Por otro lado tenemos al Perú de los conflictos después del Conflicto. A esa postergación social permanente, que con tanto “El Perú Avanza” en realidad se posterga más. Y la desigualdad se convierte en ‘Baguazos’, ‘Moqueguazos’, ‘Arequipazos’ y los que faltan por venir. Porque lo que hemos visto en los últimos diez años es el legado del autoritarismo sin clientelismo, de los reclamos históricos y cotidianos que, sin partidos, se complejizan más. Porque los gobernantes siguen interpretando la represión como la solución “eficiente” y fácil, haciéndose de la vista gorda con el número de muertos producidos por esta conflictividad social nuestra de cada día.
Y la desigualdad se convierte en ‘Baguazos’, ‘Moqueguazos’, ‘Arequipazos’ y los que faltan por venir. Porque lo que hemos visto en los últimos diez años es el legado del autoritarismo sin clientelismo, de los reclamos históricos y cotidianos que, sin partidos, se complejizan más.

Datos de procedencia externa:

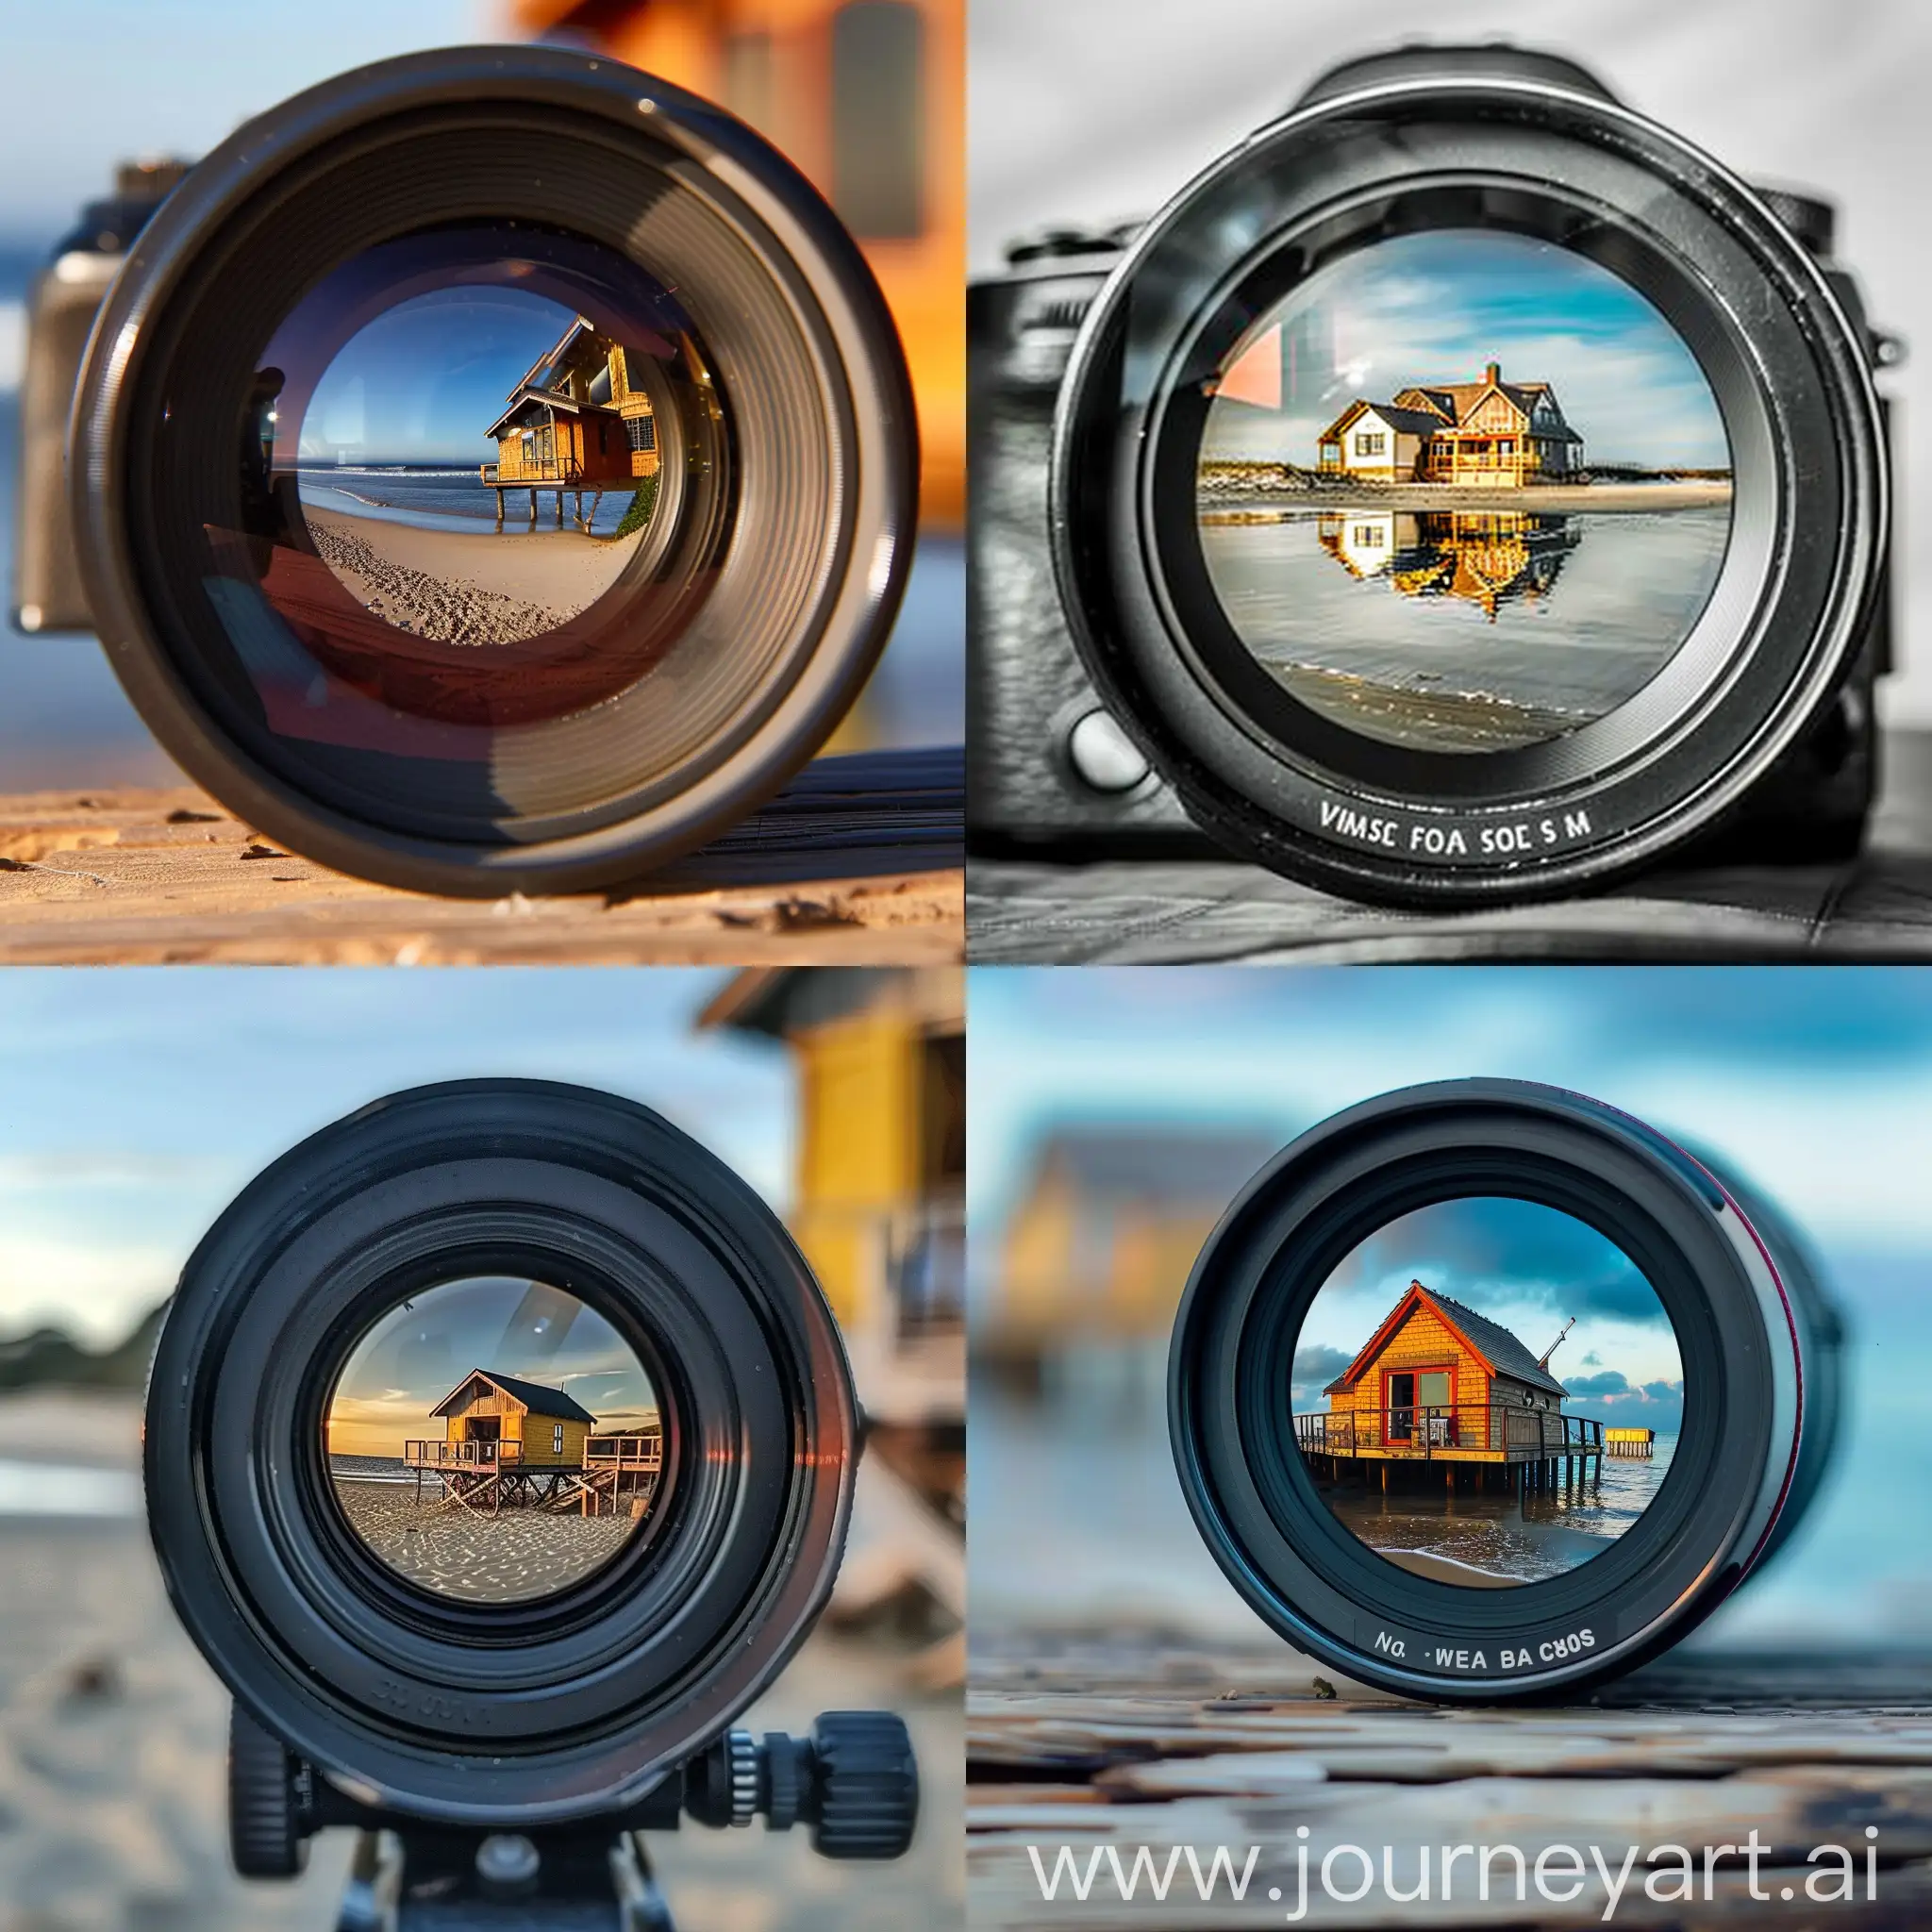 Beach-House-Reflection-in-Camera-Lens

Durante la primera década del siglo XXI hemos sido testigos de una apertura democrática a medias, una “democratización chicha”, ya que no ha impedido que persistan vigentes los legados autoritarios que conforme pasa el tiempo se evidencian con mayor nitidez. Por lo tanto, no hay ninguna regresión ni retrocesos, sino que la promesa democrática del final del fujimorismo sigue siendo casi tan lejana como ahora. La paranoia “caviar” hace interpretar este fenómeno como algo “nuevo”: como una articulación orquestada entre apristas, fujimoristas, conservadores, militares, el Opus, Kouri, Montesinos, “prensa vendida”, etcétera; cuando en realidad muy poco ha cambiado.
Si se sigue creyendo que la modificación de uno u otro artículo en una ley o si la firma de compromisos y actas (desde el Acuerdo Nacional hasta la necesaria para el desbloqueo de una carretera) son suficientes para construir democracia en el país, estamos siendo conformistas con nuestras convicciones. Ni las reformas democratizadoras de Paniagua y Toledo fueron lo suficientemente serias (o no vinieron acompañadas de medidas concretas), ni las “amenazas” conservadoras son lo suficientemente articuladas para tomar el “control del país”. Dejemos ya de echarles la culpa de nuestros fracasos políticos a los fantasmas de nuestros miedos. Los problemas de fondo del país pasan por encima de las “buenas” intenciones cívicas y de las “perversas” ambiciones conservadoras. Mientras, seguiremos probando de esta “democratización chicha”, un híbrido permanente de aperturas democráticas a medias y de legados autoritarios que no desaparecen.